TASK GOAL
Pictures stay out of the output. Return exactly the lines below from the one with "A SILVER SMALL" down to the one with "A nice close", both included, and nothing more.

LISTED RECORDS
────────

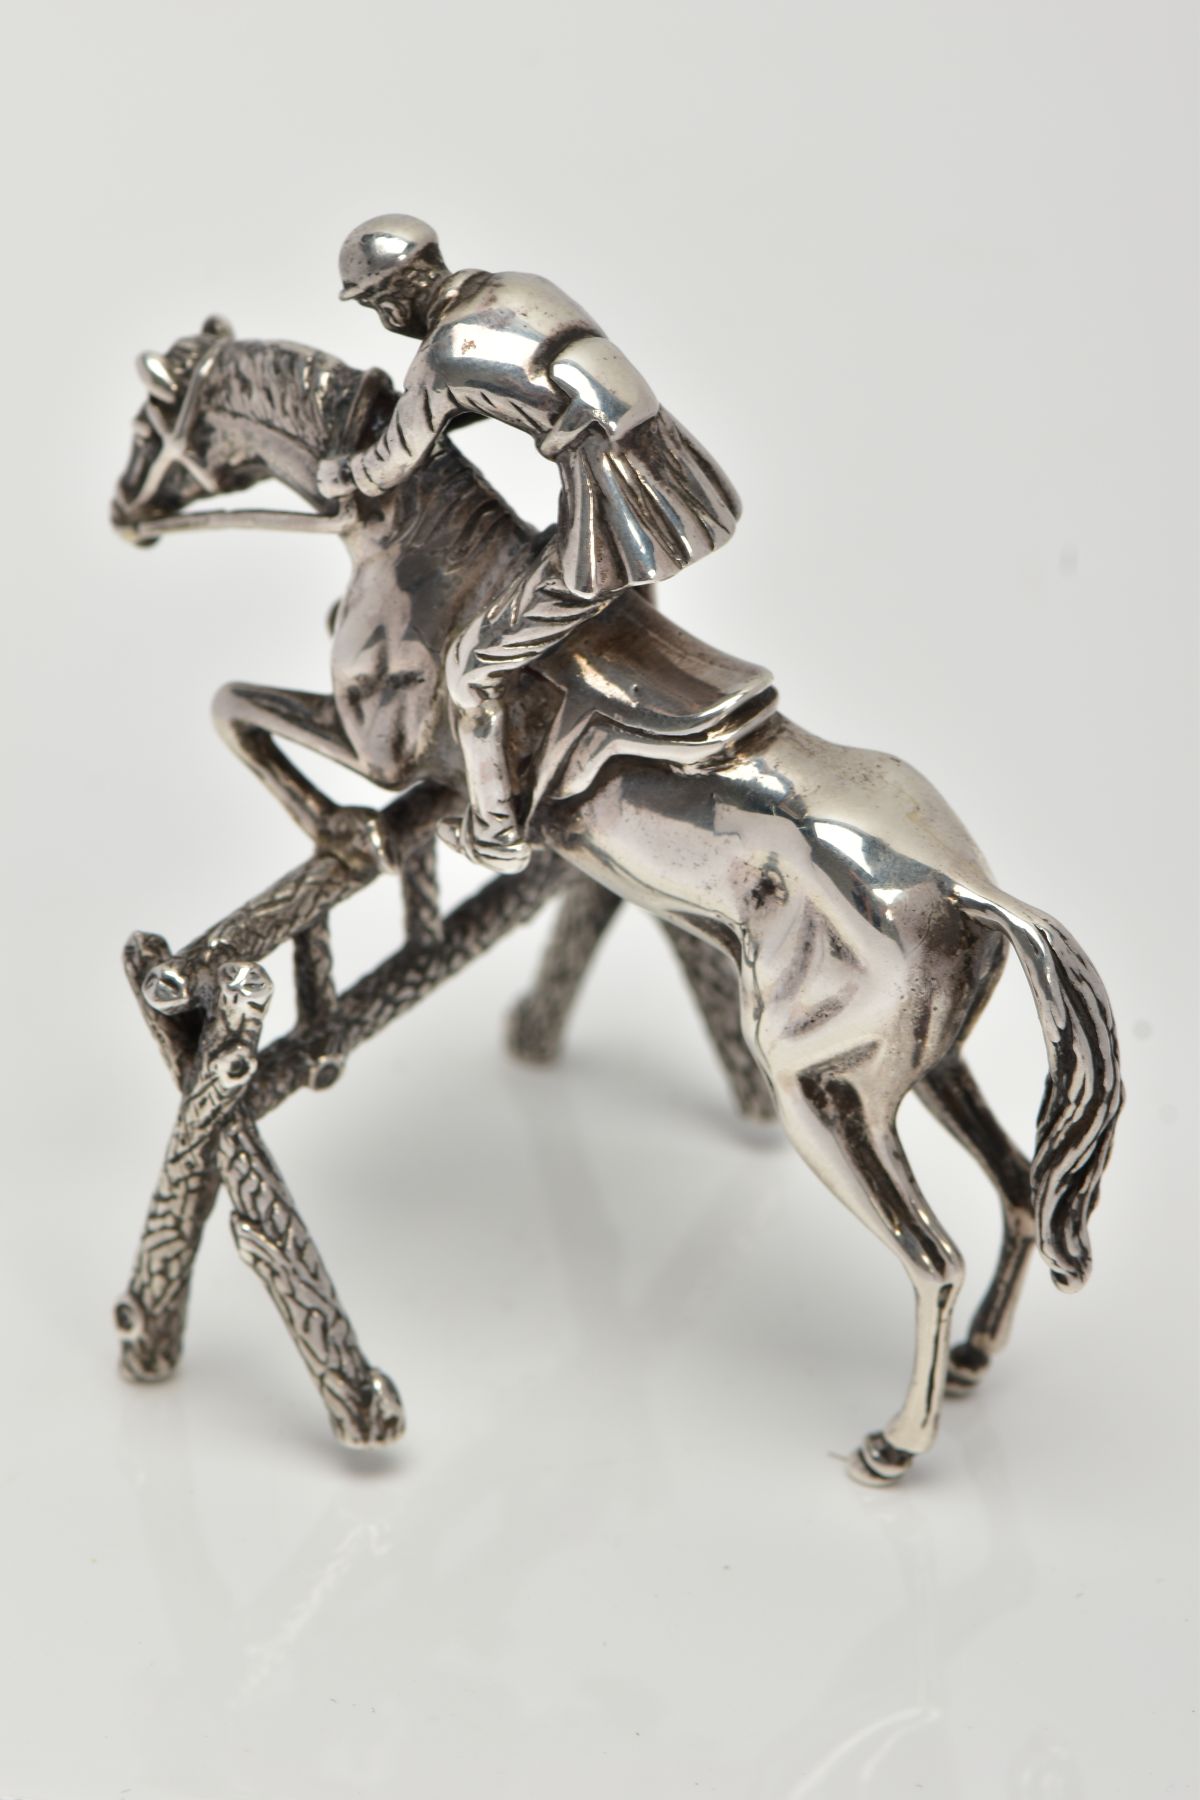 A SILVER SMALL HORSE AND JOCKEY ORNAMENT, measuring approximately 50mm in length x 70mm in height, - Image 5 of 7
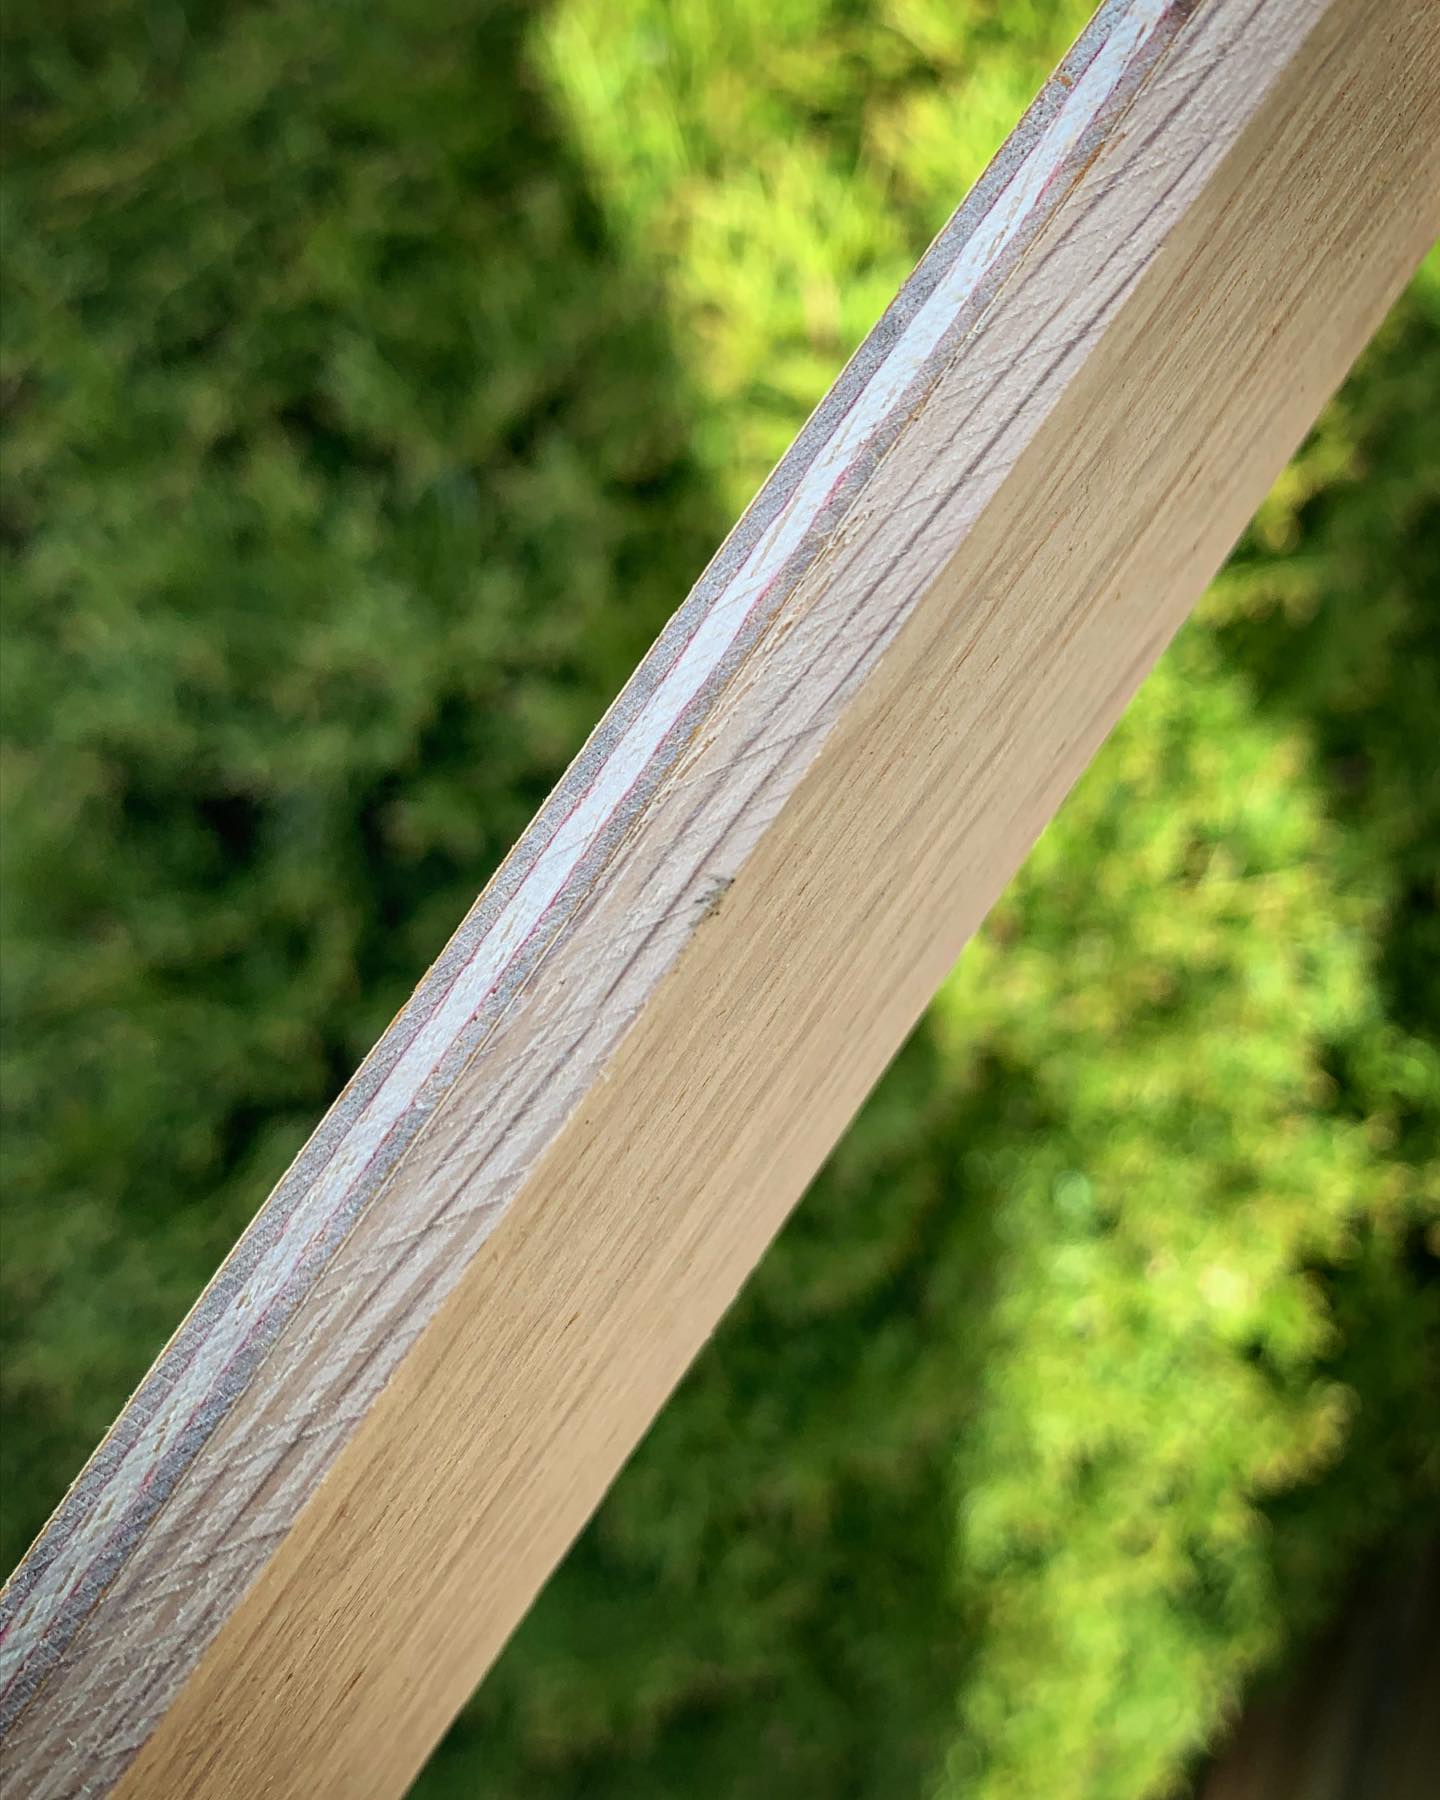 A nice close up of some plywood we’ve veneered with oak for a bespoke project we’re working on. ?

────────

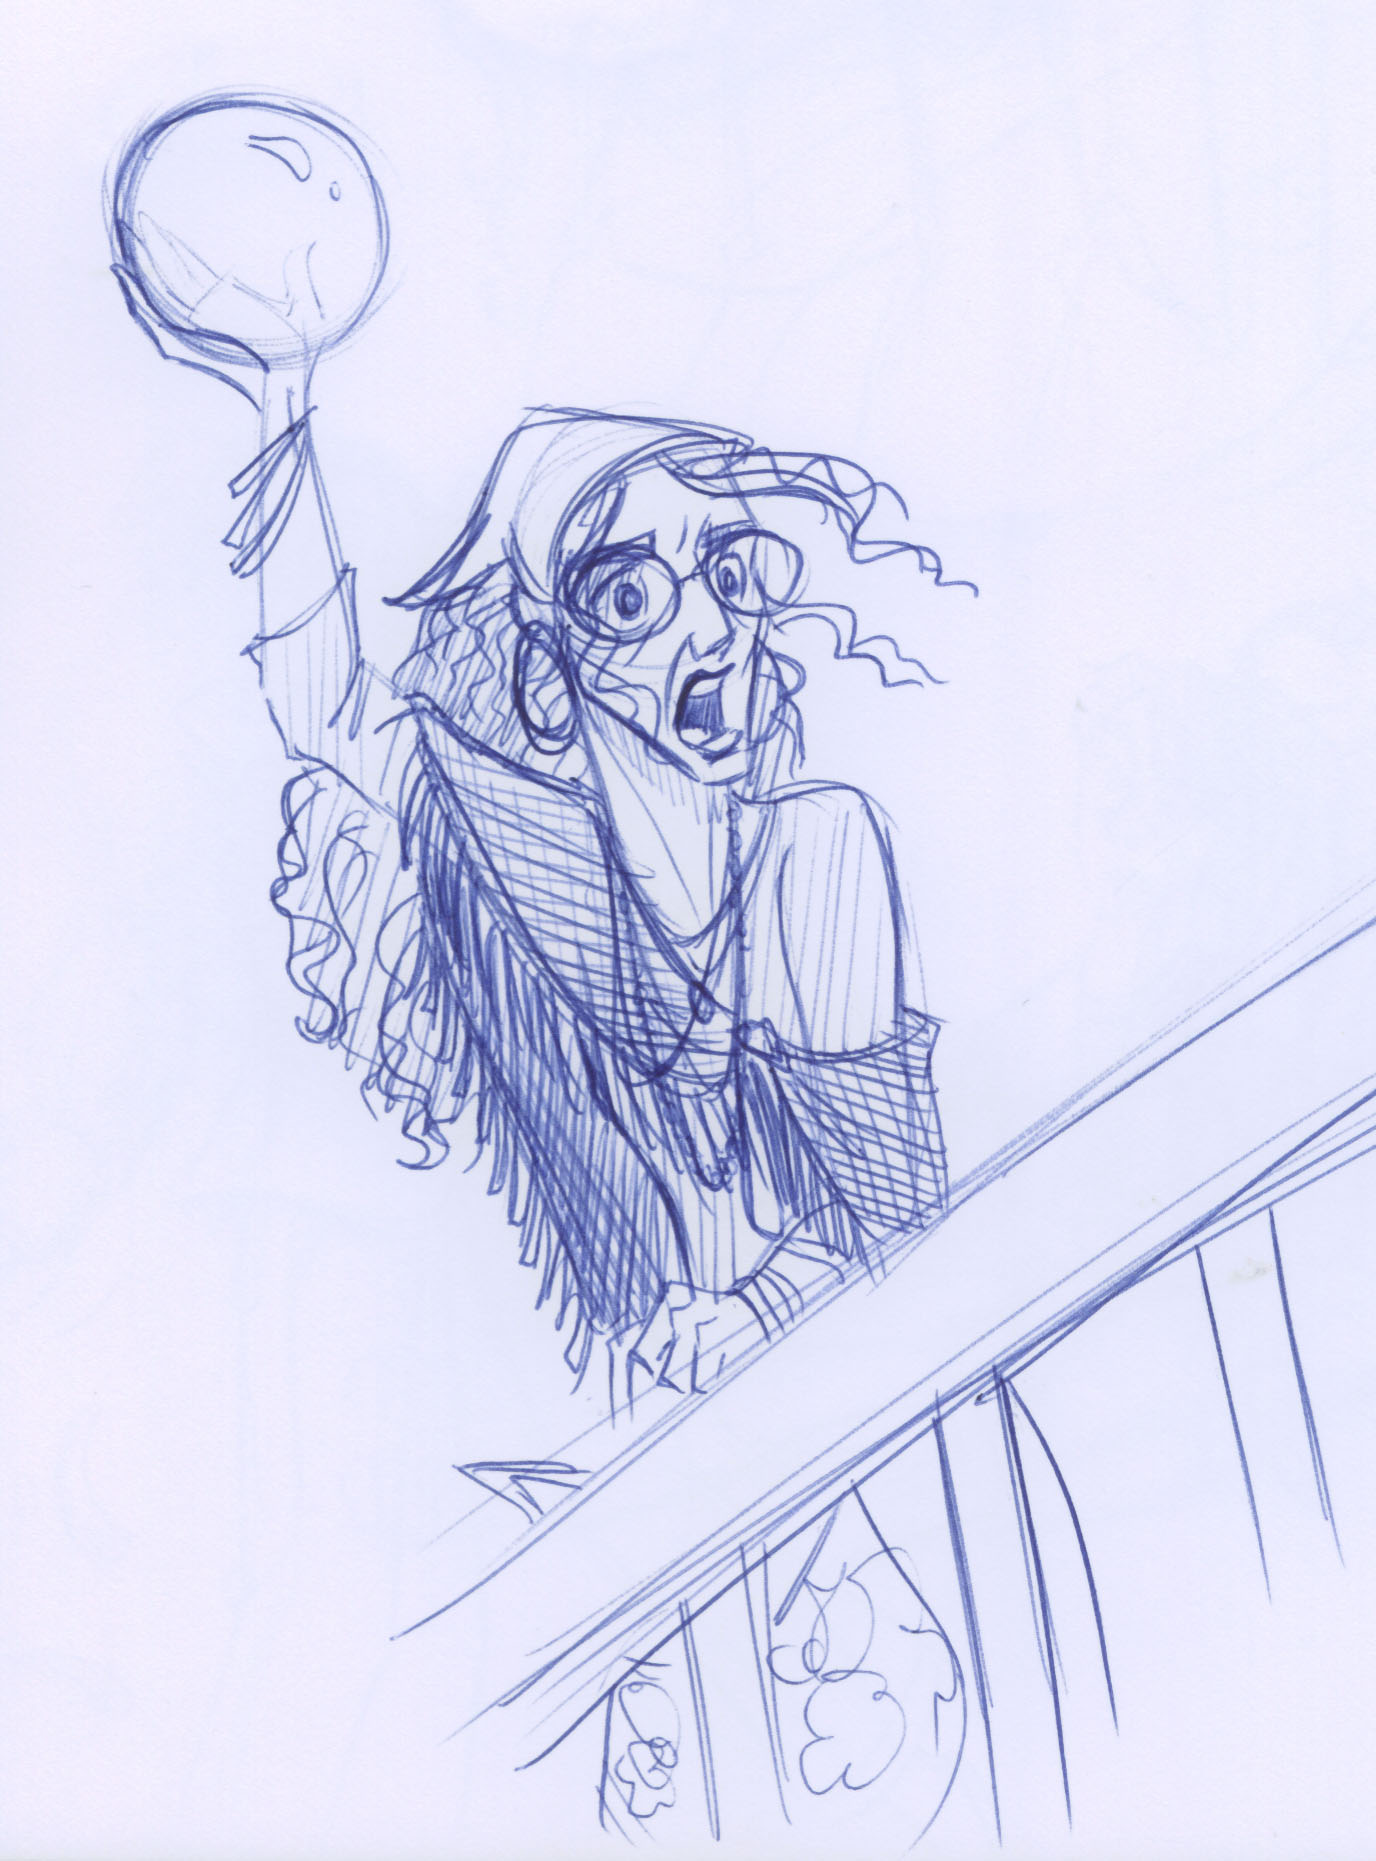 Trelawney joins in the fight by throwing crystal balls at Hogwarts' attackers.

────────

YOUR RESPONSE
 A SILVER SMALL HORSE AND JOCKEY ORNAMENT, measuring approximately 50mm in length x 70mm in height, - Image 5 of 7
 A nice close up of some plywood we’ve veneered with oak for a bespoke project we’re working on. ?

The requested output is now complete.